The advancement of standards that make the data easier to handle inside the text editor is great, though! Maybe the slightly confusing (I dare say confused) blog title will help spread the idea of kson, regardless.
Edit: another idea, one that is so obvious that nobody would write a blog post about it, is that configuring your program is part of the UX.
But we allow it for files that tend to make production changes usually without any unit tests!
I'd prefer something syntaxed like a programming language but without turing completeness.
It's not telling, it's impossible. Neither JSON or YAML are Turing complete. That said, the JS in JSON is for Javascript, whose syntax it is derived from, so at least one major language uses it in its syntax.
And don’t forget Ansible playbooks!
price_in_€: 42
"price_in_€": 42
Or were you already aware of that and lamenting that KSON requires quoting in this case, compared to YAML which doesn't?I’ll stick to JSON. When JSON isn’t enough it usually means the schema needs an update.
As for Apple Pkl, I think we share the goal of robustness and "toolability", but pkl seems way more complex. I personally think it's more useful to keep things simple, to avoid advancing in the configuration complexity clock (for context, see https://mikehadlow.blogspot.com/2012/05/configuration-comple...).

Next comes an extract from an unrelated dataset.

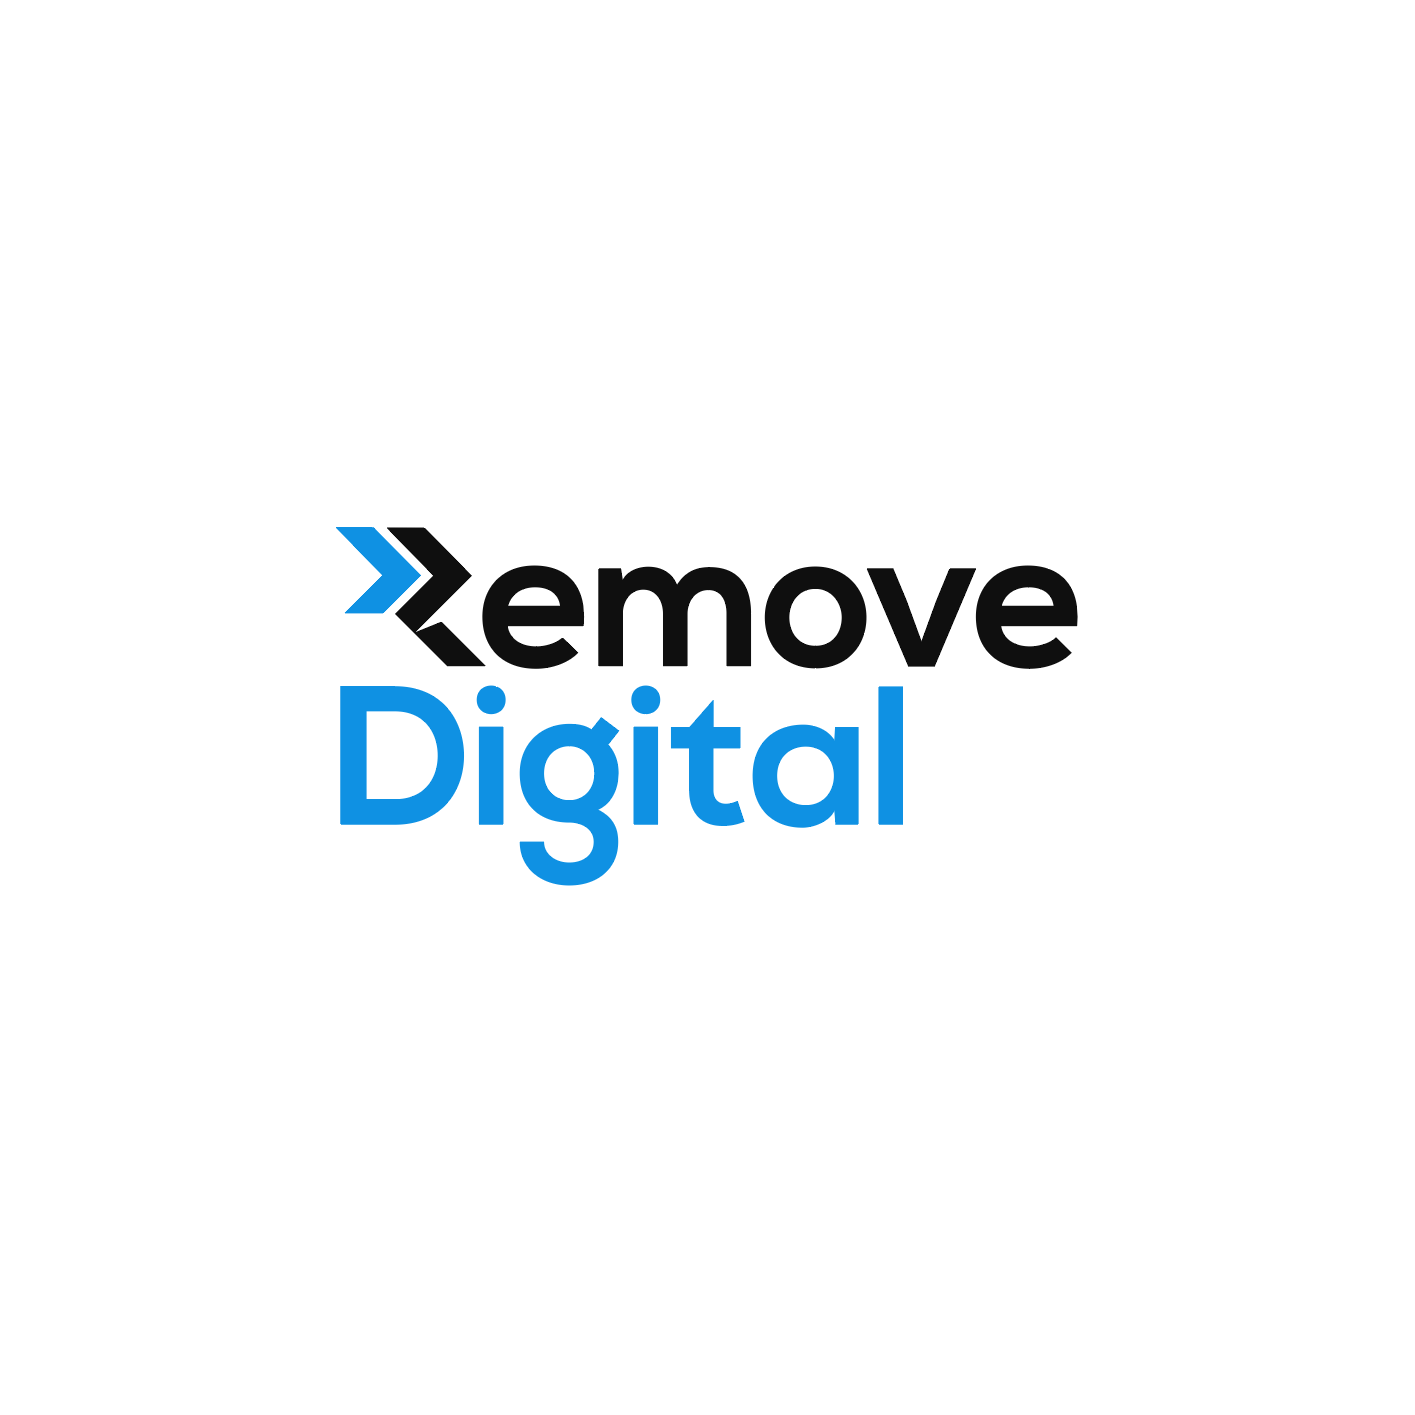 Remove Digital

I agree that it's not perfect but worse is better and familiar is a massive win over making your users look up a new file format or set their editor up for it. If you truly hate YAML that's fine, there's plenty of other familiar formats: INI, toml, JSON.
Why would you be doing that?
Like, are you _literally_ scripting in the value of an item or are you just equating that they are similar?
Literal being:
get_number_of_lines:
command: >
#!/bin/bash
wc -l
Invariably, ppl will write inline scripts instead of actual scripts in their own files. There are also some SDKs for most of these operations that would let you do it in code but they are not always 100% the same as the CLI, some options are different, etc.
But I'd strongly encourage everybody to think about whether that deep configurability is really needed.
That’s why 90% of each iOS update is just another menu or a reorganization of menus and why there are 3 different ways to access the same info/menus on iOS.
1: I pulled that out of my butt, there's no factual data to it.